場が一瞬の静寂に包まれる中、新たな人物が姿を見せる。

それは渋谷駅の地下で五条が相手にしていた彼だった。

あの時はやる気があるのか分からないような無機質な表情だったのに対し、今の彼の目は怒りに満ち溢れていた。


「やあ、脹相。」

「アイツは…!!」「あの時の…!」

「(俺には3人の親がいる。母、母を孕ませた呪霊、そしてその間に血を混ぜた…母を弄んだ、憎むべき…)」

「気づいたようだね。」

「そういうことか!!加茂憲倫!!」

「「「加茂…憲倫!?」」」

「私!?」


よく知った名前が突然聞こえてきたことに、高専メンバーは一斉に京都校の加茂に視線を向ける。

教師陣はその名を知っているようで、加茂家の汚点で史上最悪の術師だと生徒達に言い聞かせた。
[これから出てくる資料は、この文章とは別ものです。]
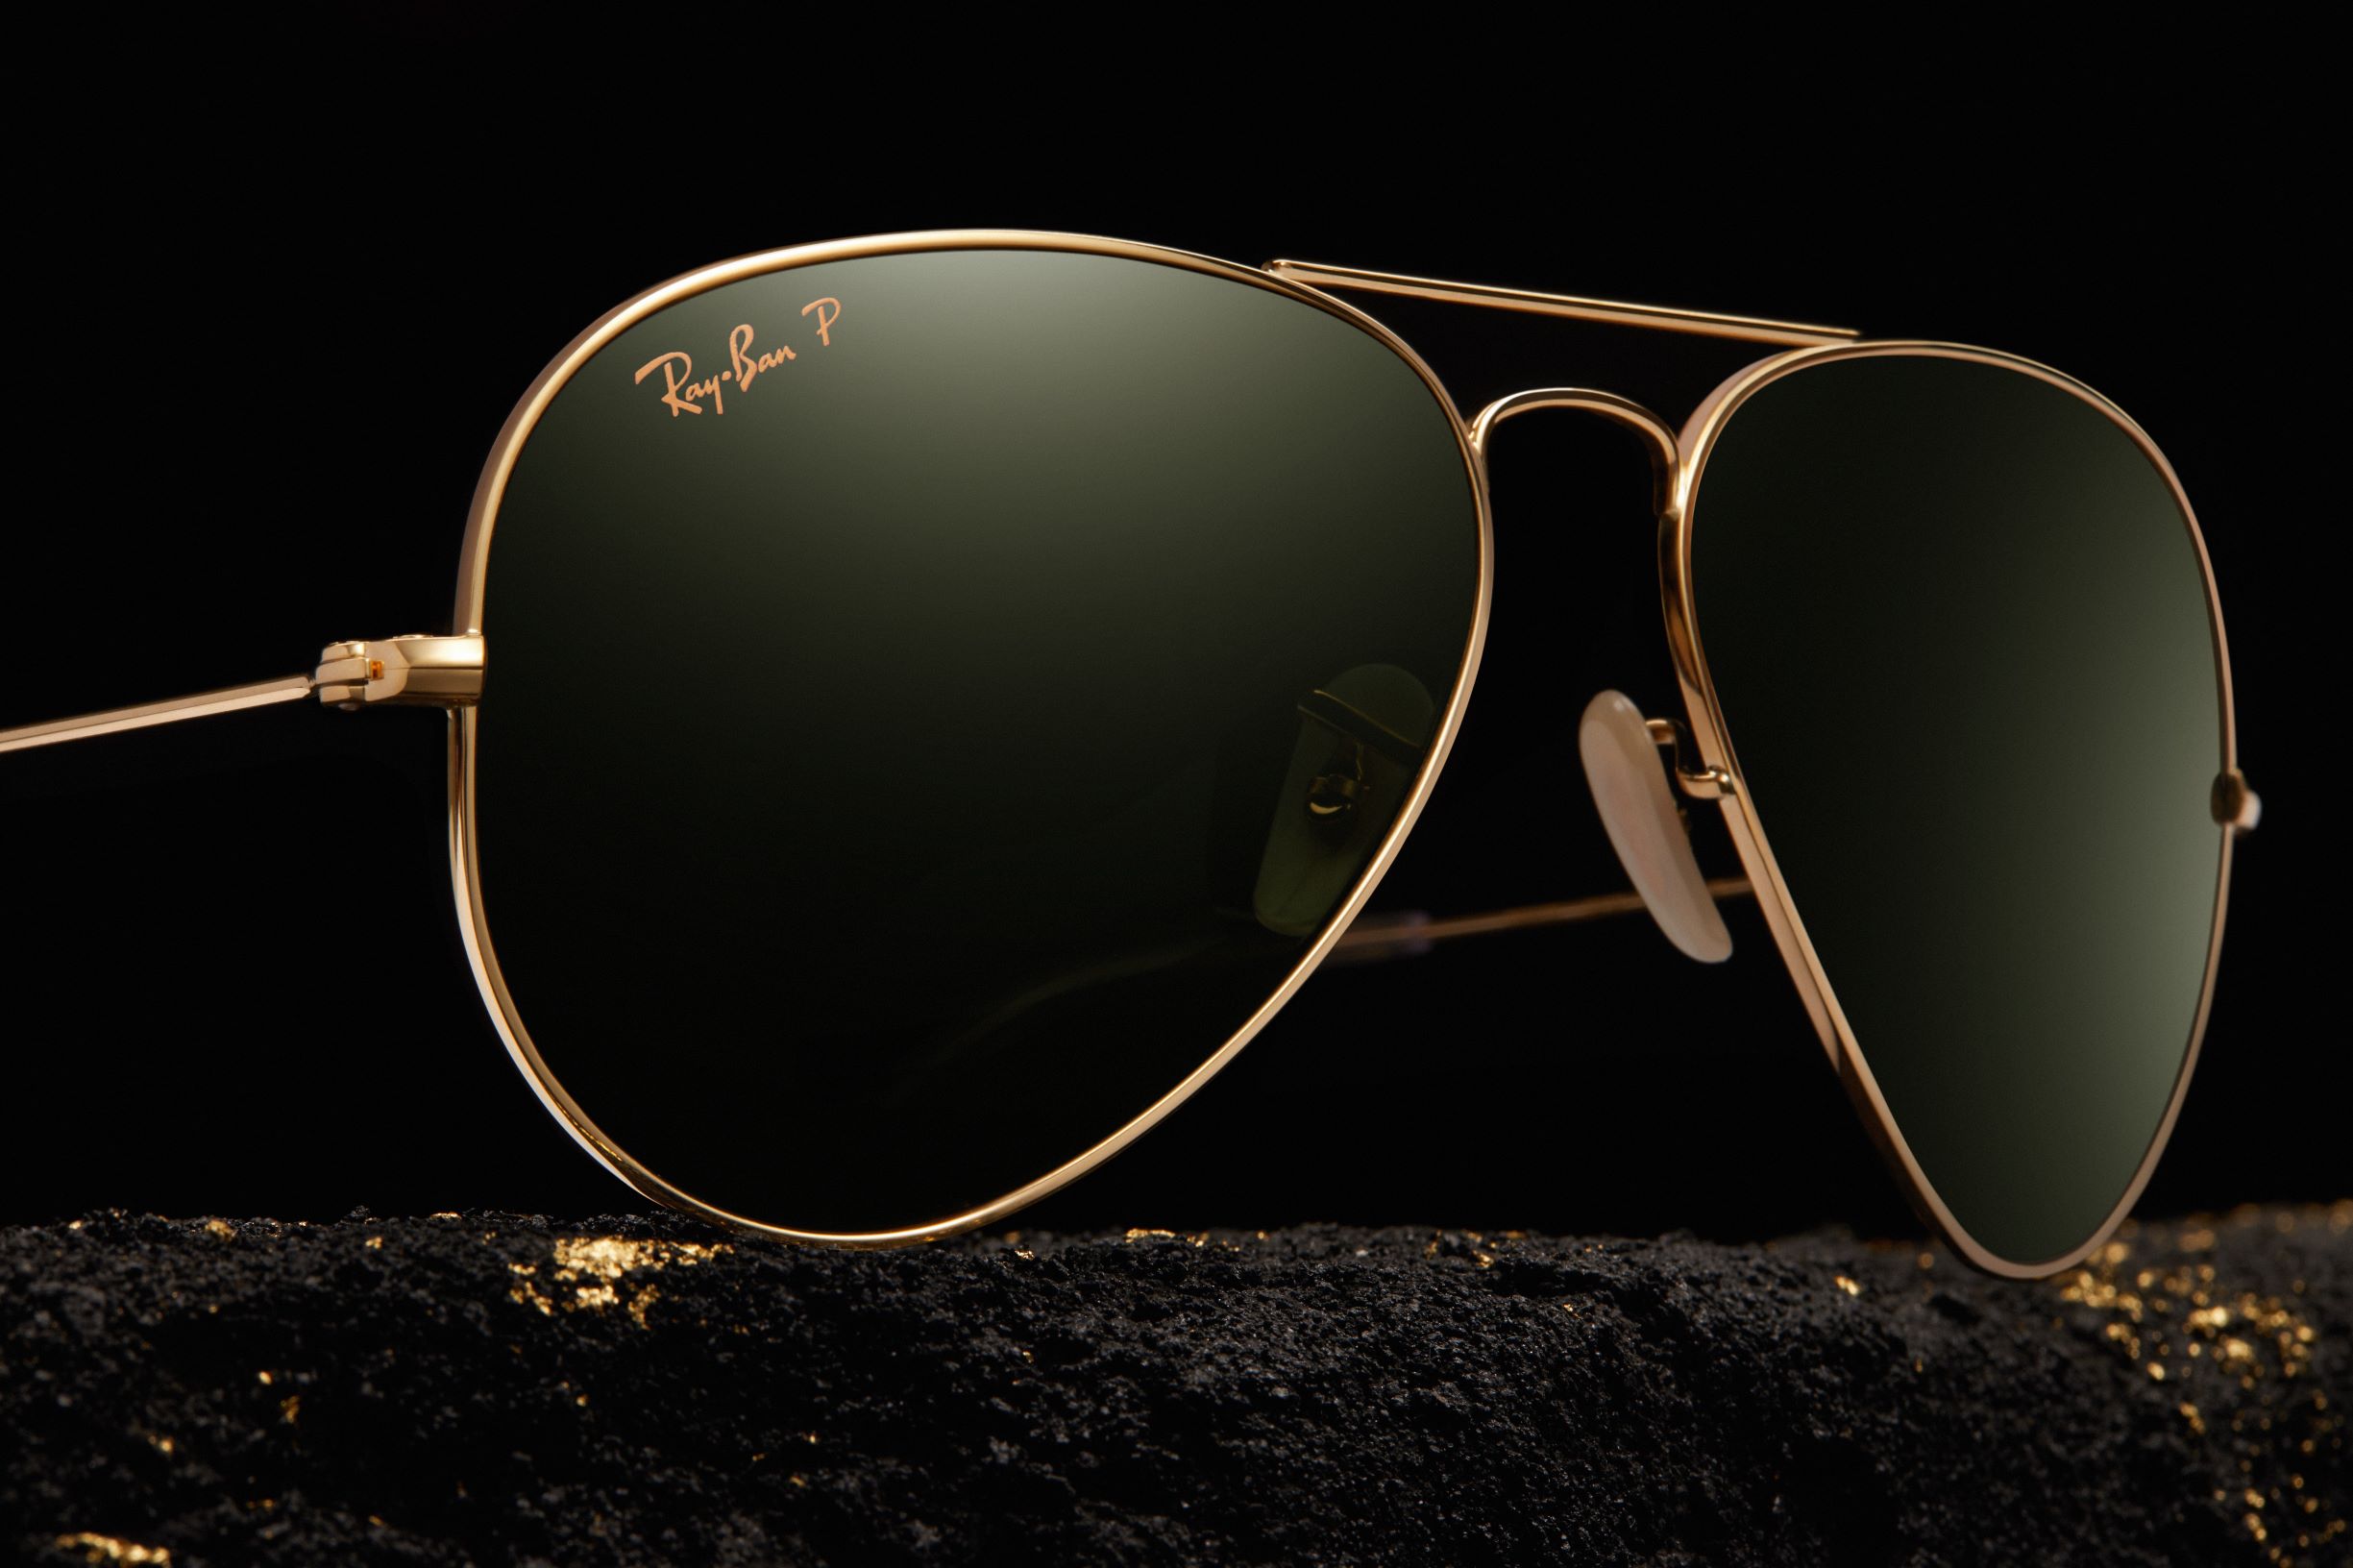 Ray Ban S Iconic Aviator Sunglasses Are Now Available With Solid Gold
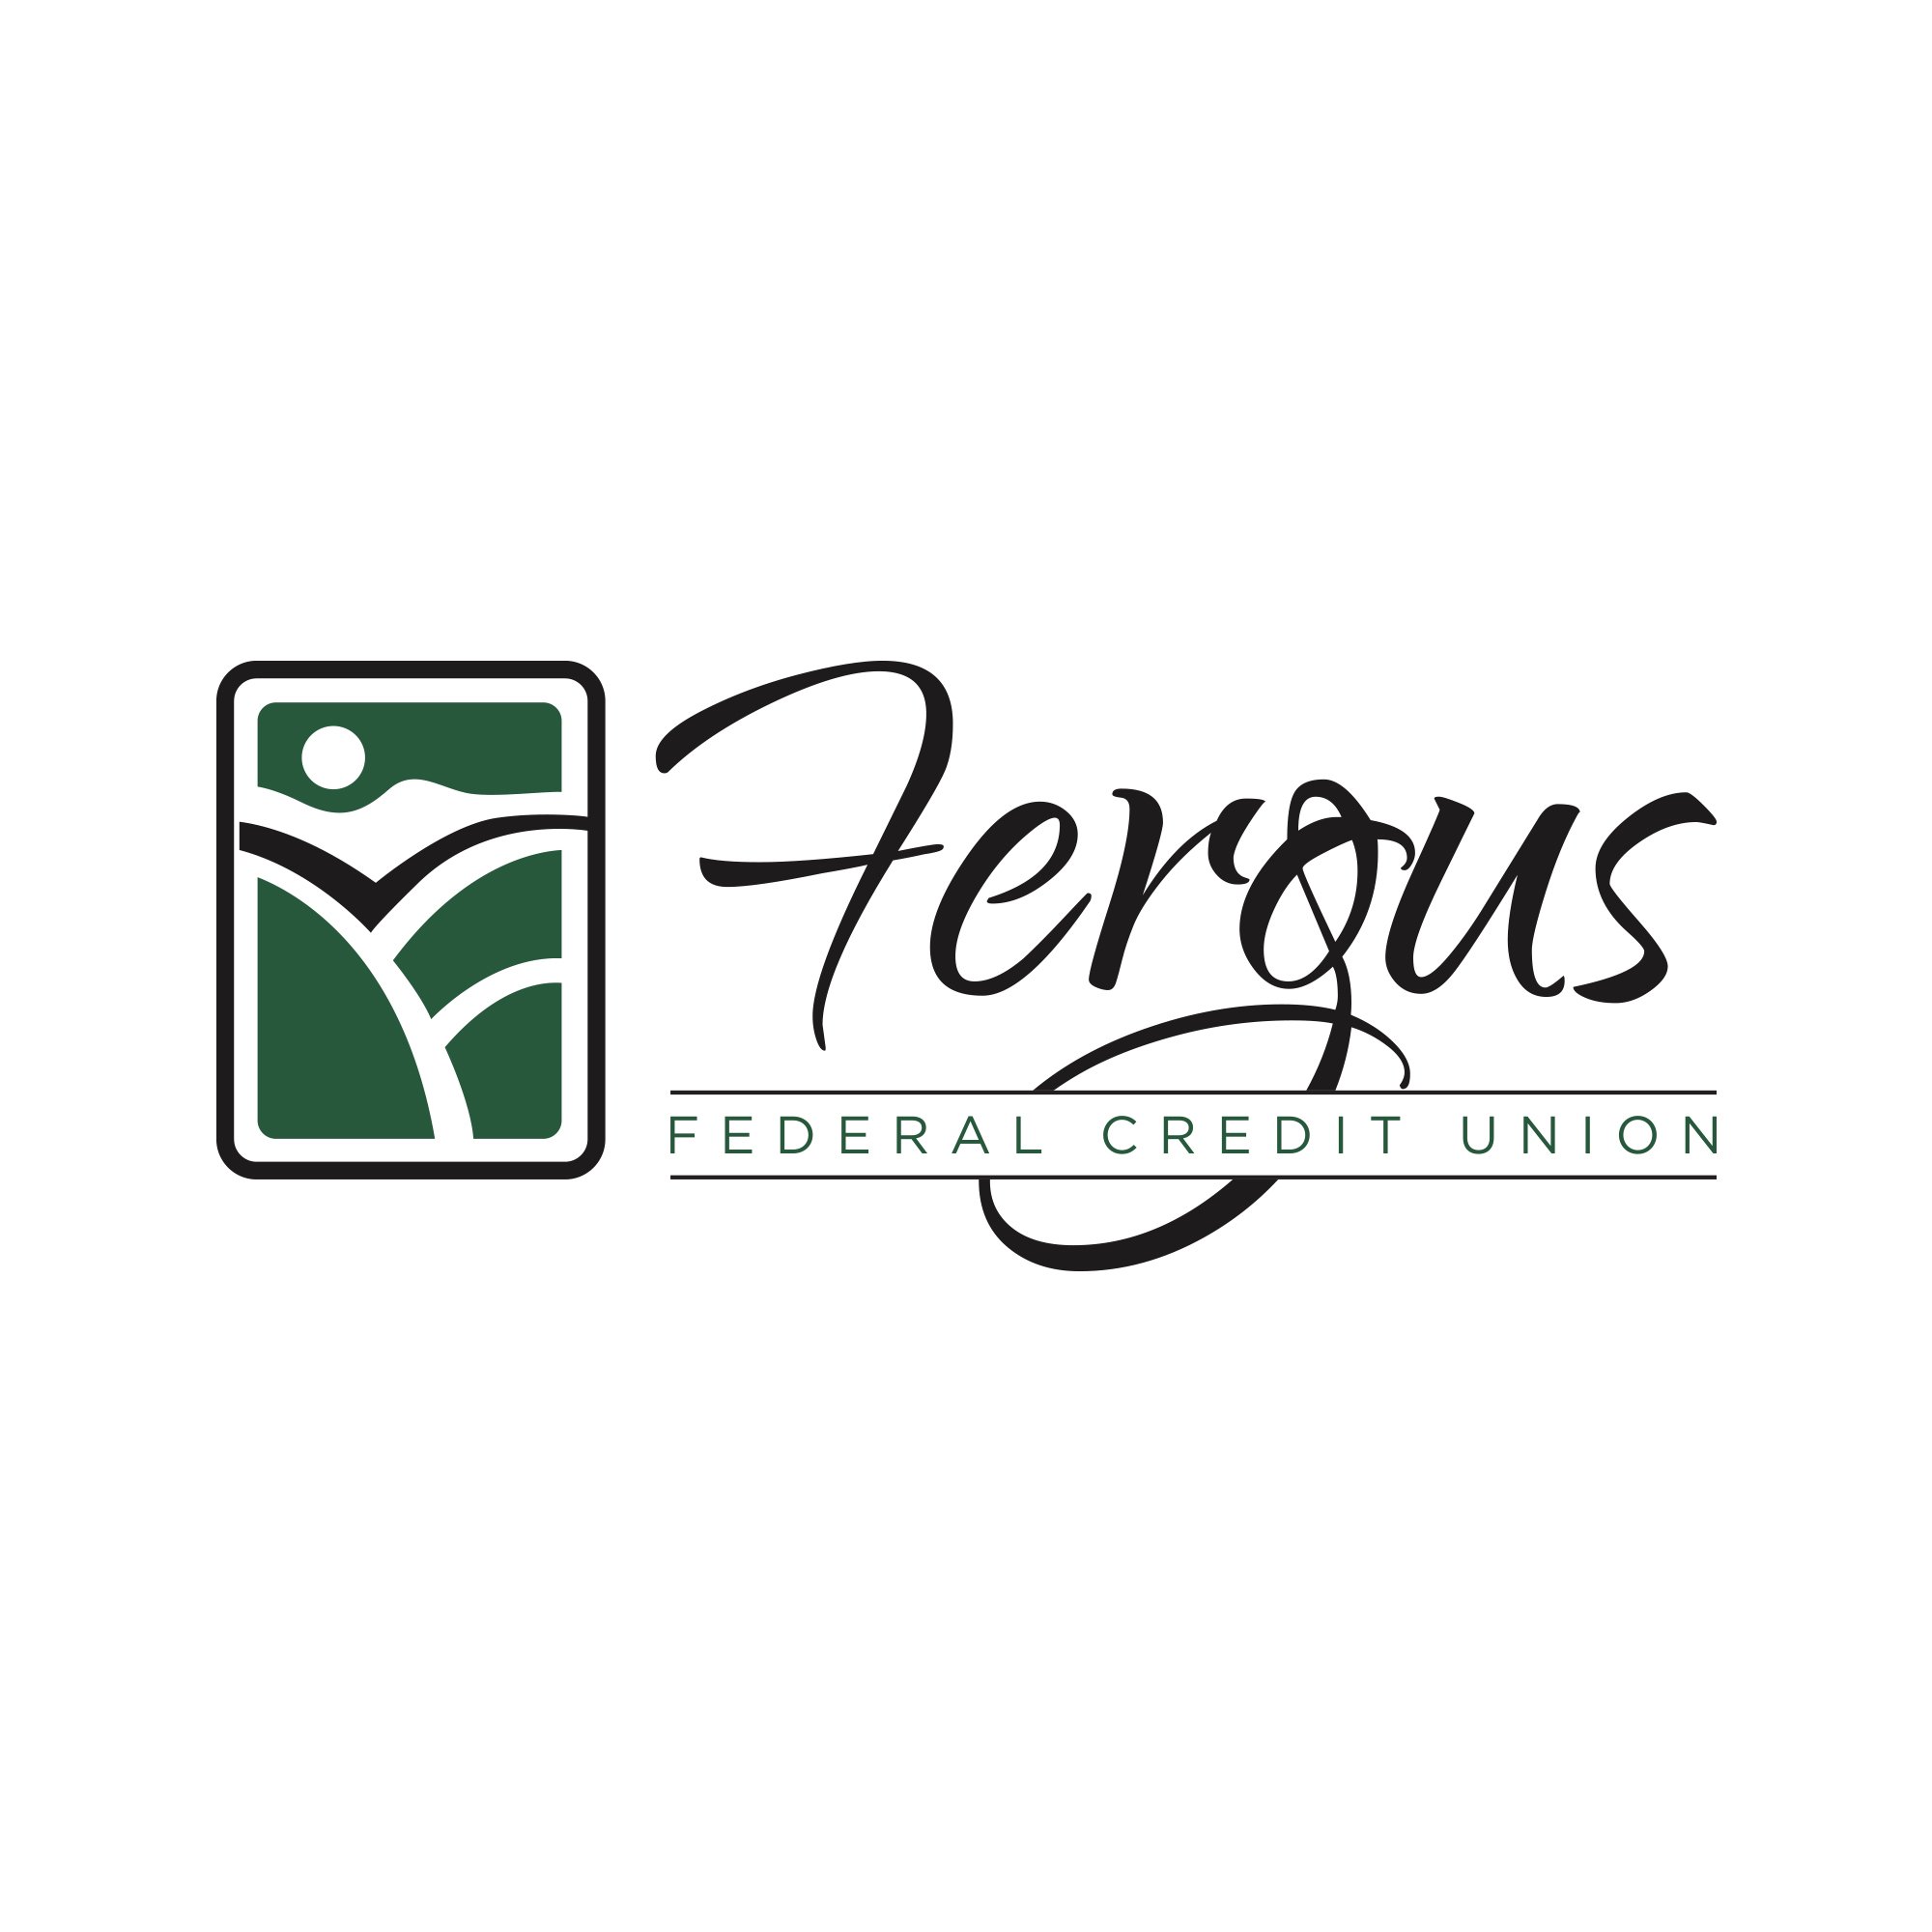 Fergus Federal Credit Union is locally owned and operated. Federally insured by the NCUA - Equal Opportunity Lender.

そして怒りを露わにした脹相は、そのまま偽夏油へと向かって行く。


「よくも…!よくも俺に!!虎杖を!!弟を!!殺させようとしたな!!」

「引っ込め三下。これ以上私を待たせるな。」

「どけ!!俺はお兄ちゃんだぞ!!」

「(悠仁の体からあの人の呪力を感じる…つまり悠仁はあの人にやられた。なのに…)何か悠仁のこと守ってくれようとしてない?」

「う、うん…」


自分のことを"三下"呼ばわりした白髪の呪詛師が追加され、脹相は偽夏油と合わせて2人を相手に戦い始めた。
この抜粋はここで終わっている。